MN salary cap spurs departures

Minnesota’s government employees are looking for greener pastures in other parts of the country.

One employee will get a $100,000 raise by moving to California – almost enough to make up for the higher cost of living?

Now, local government employees are limited by a cap that adjusts for inflation each year. It started at 110 percent of the governor’s salary when it took effect in 2006. That means that, unless a local government has received special dispensation for a specific position, the most any local government employee can make is $144,711 — exactly Twa’s salary.

In part because of the change, about 60 Ramsey, Anoka, Dakota and Washington county employees, who are responsible for everything from dealing with information technology to running libraries, make more than Gov. Tim Pawlenty.

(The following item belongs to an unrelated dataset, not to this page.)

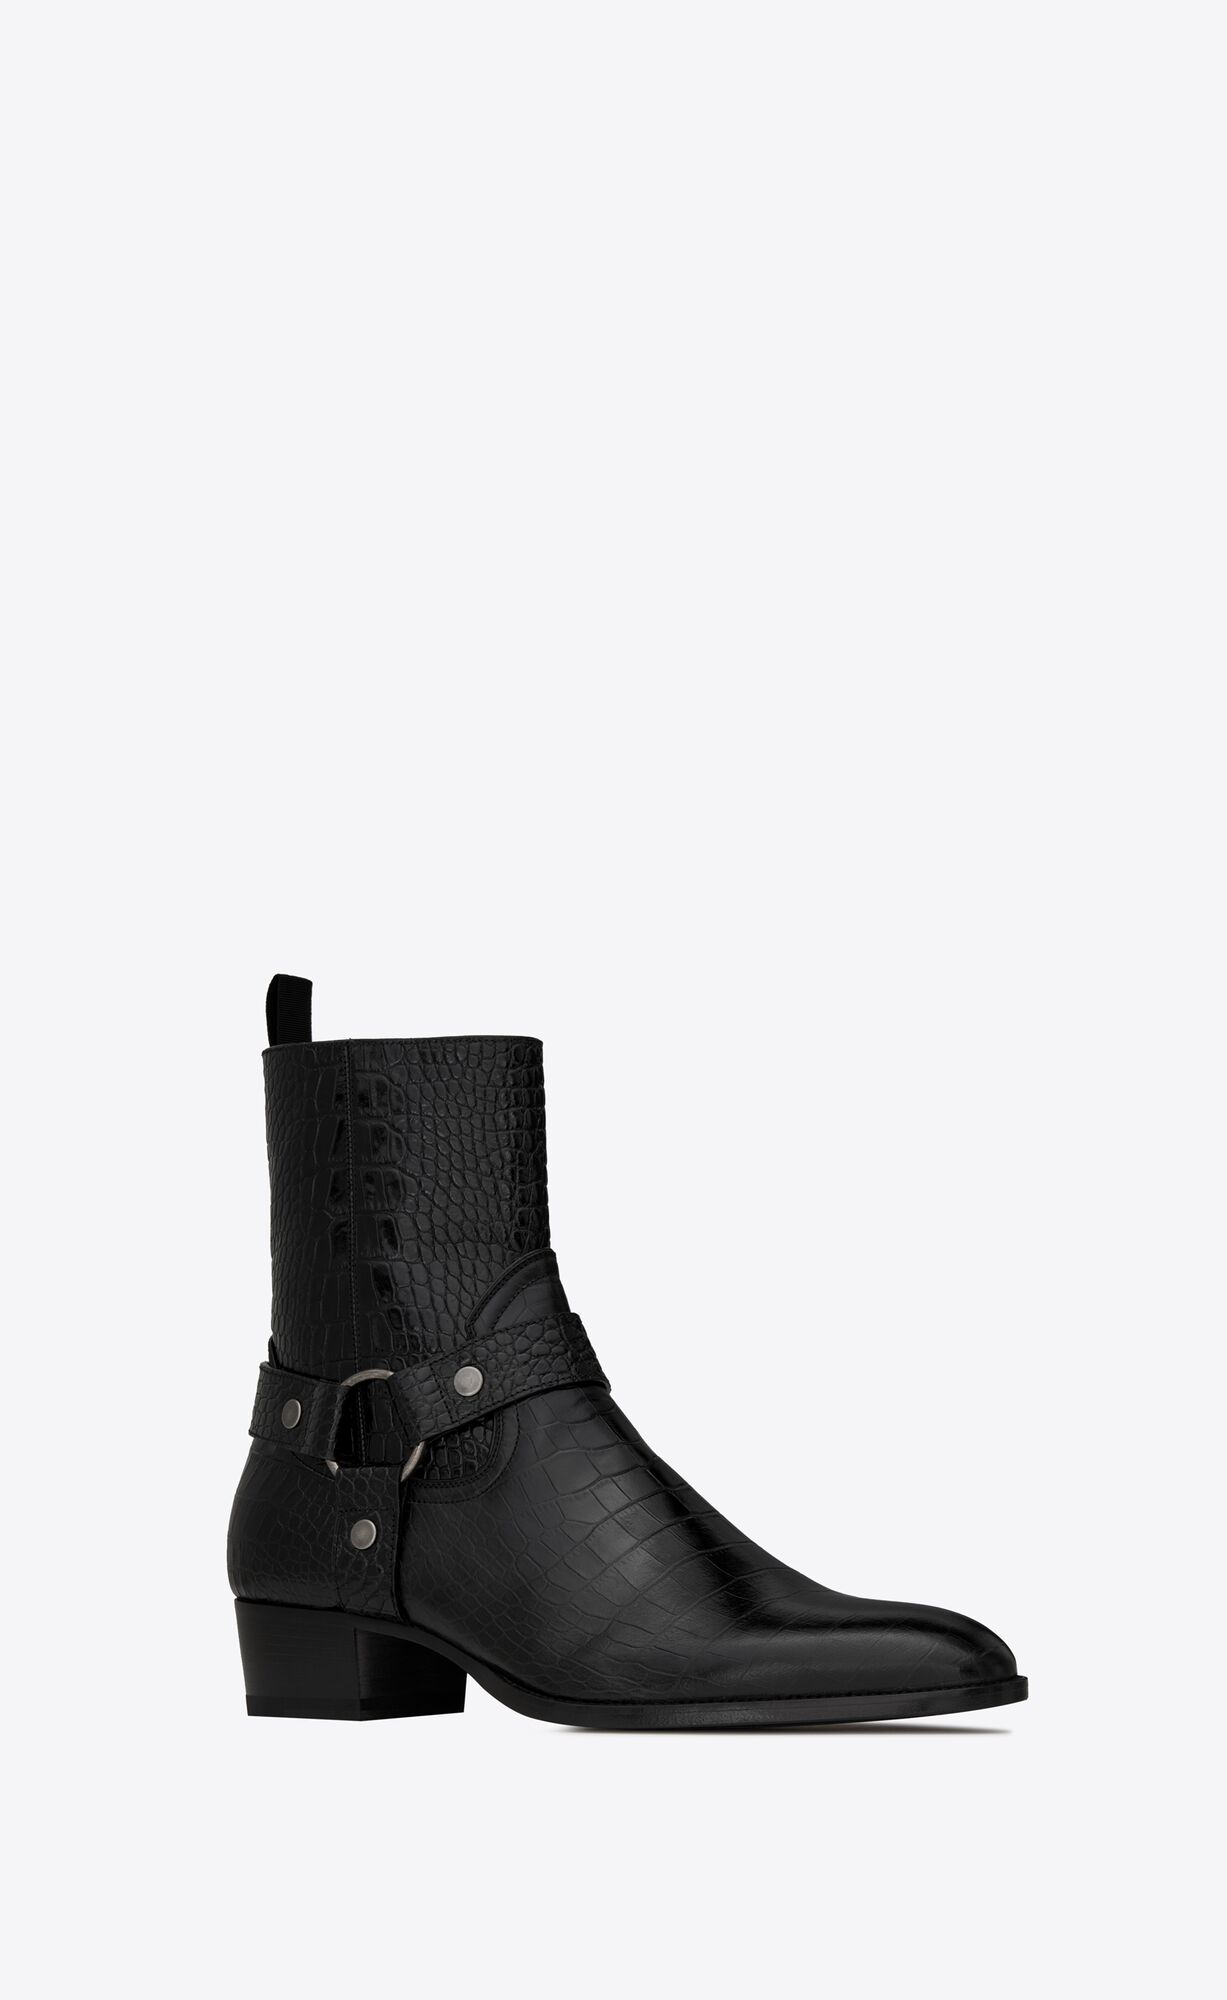 WYATT harness boots in crocodile-embossed leather | Saint Laurent ...

While different states have different ways of dealing with public employee salaries, no state has quite the system that exists in Minnesota. Minnesota has had limits on most local government salaries since 1977.

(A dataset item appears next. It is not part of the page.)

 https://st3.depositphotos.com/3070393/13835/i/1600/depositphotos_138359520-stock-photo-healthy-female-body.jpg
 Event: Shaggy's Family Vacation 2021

To some, a local salary cap simply makes sense.

To many in metro government, even the current higher cap creates a perverse system of compensation. It’s harder for local governments to hire and retain top-scale employees, and it takes away local elected officials’ power to decide what their employees should earn, they argue.

“When I tell people about the cap, they kind of look at you funny, like: ‘You’ve got to be kidding,’ ” said Dave Childs, a former Minnetonka city manager and current assistant county manager in Washoe County, Nev. Childs is also an adviser for the International City/County Management Association.